* Prompt: Reproduce the listing below exactly, except for its pictures.

* Given material:
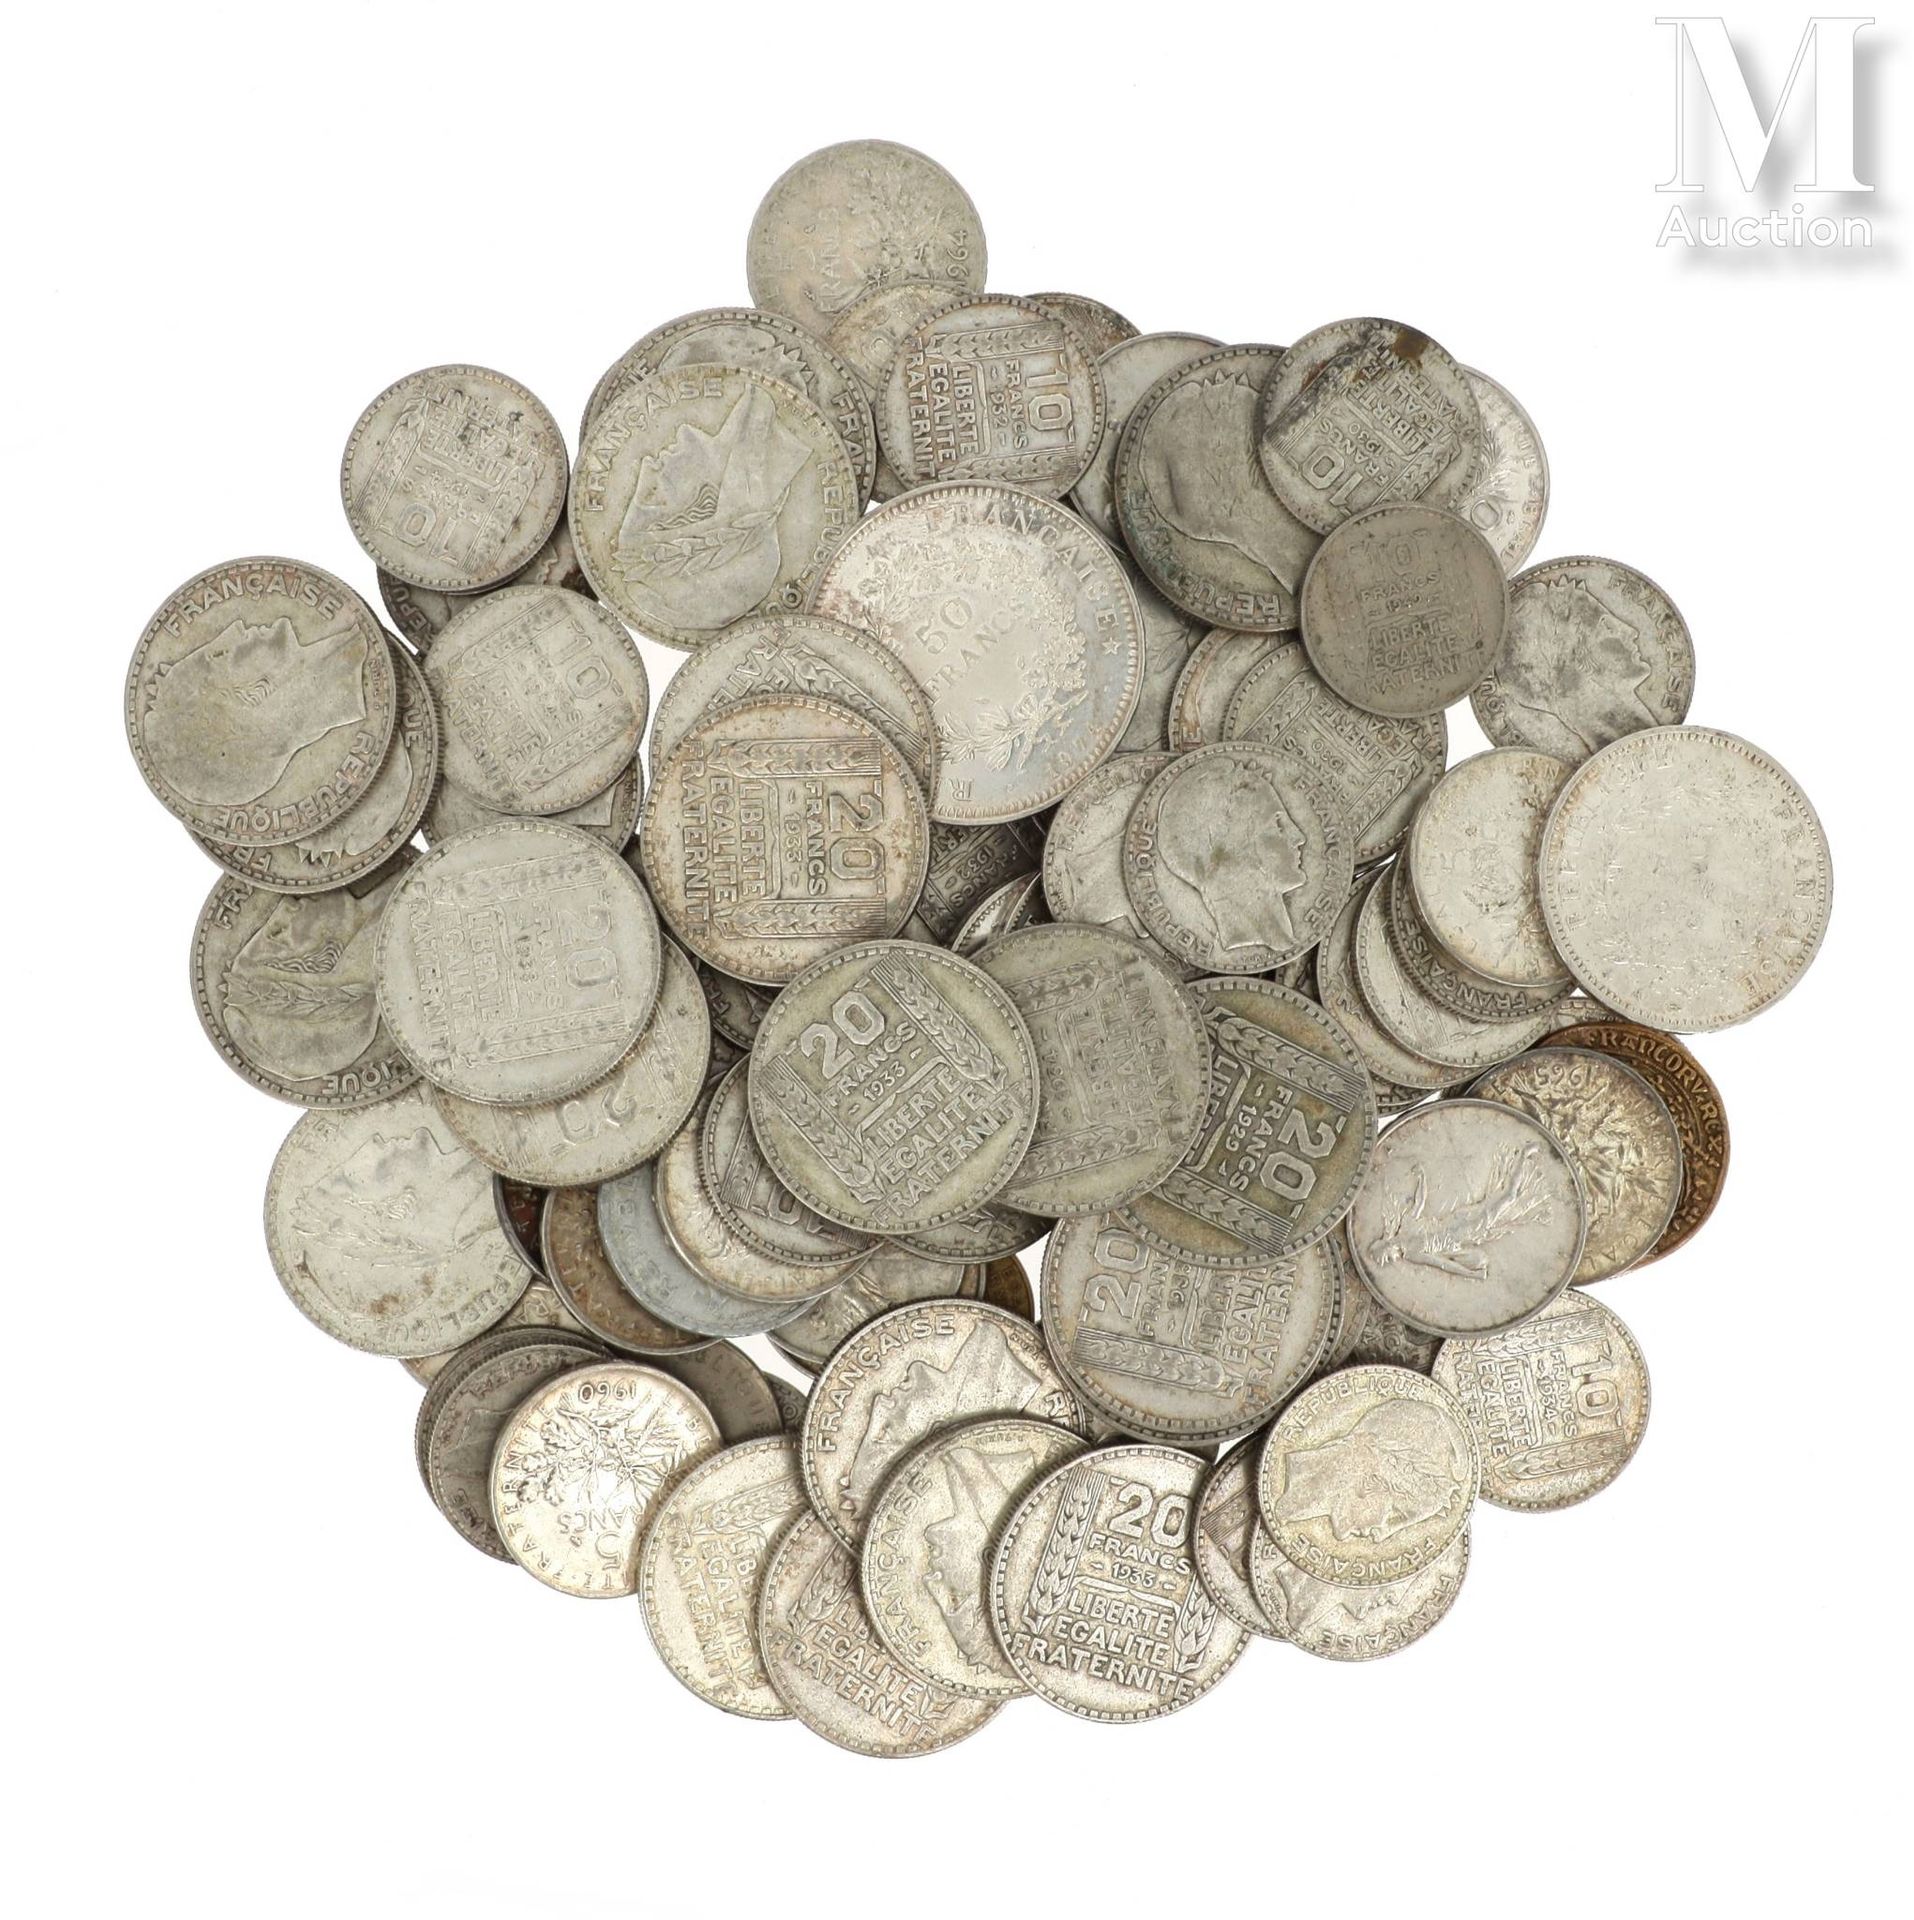 LOT DE PIECES DE MONNAIE EN ARGENT 一批银币包括:

- 1 x 100 FF Marie Curie 1981

- 1 x&hellip;

* Expected answer:
 LOT DE PIECES DE MONNAIE EN ARGENT 一批银币包括:

- 1 x 100 FF Marie Curie 1981

- 1 x&hellip;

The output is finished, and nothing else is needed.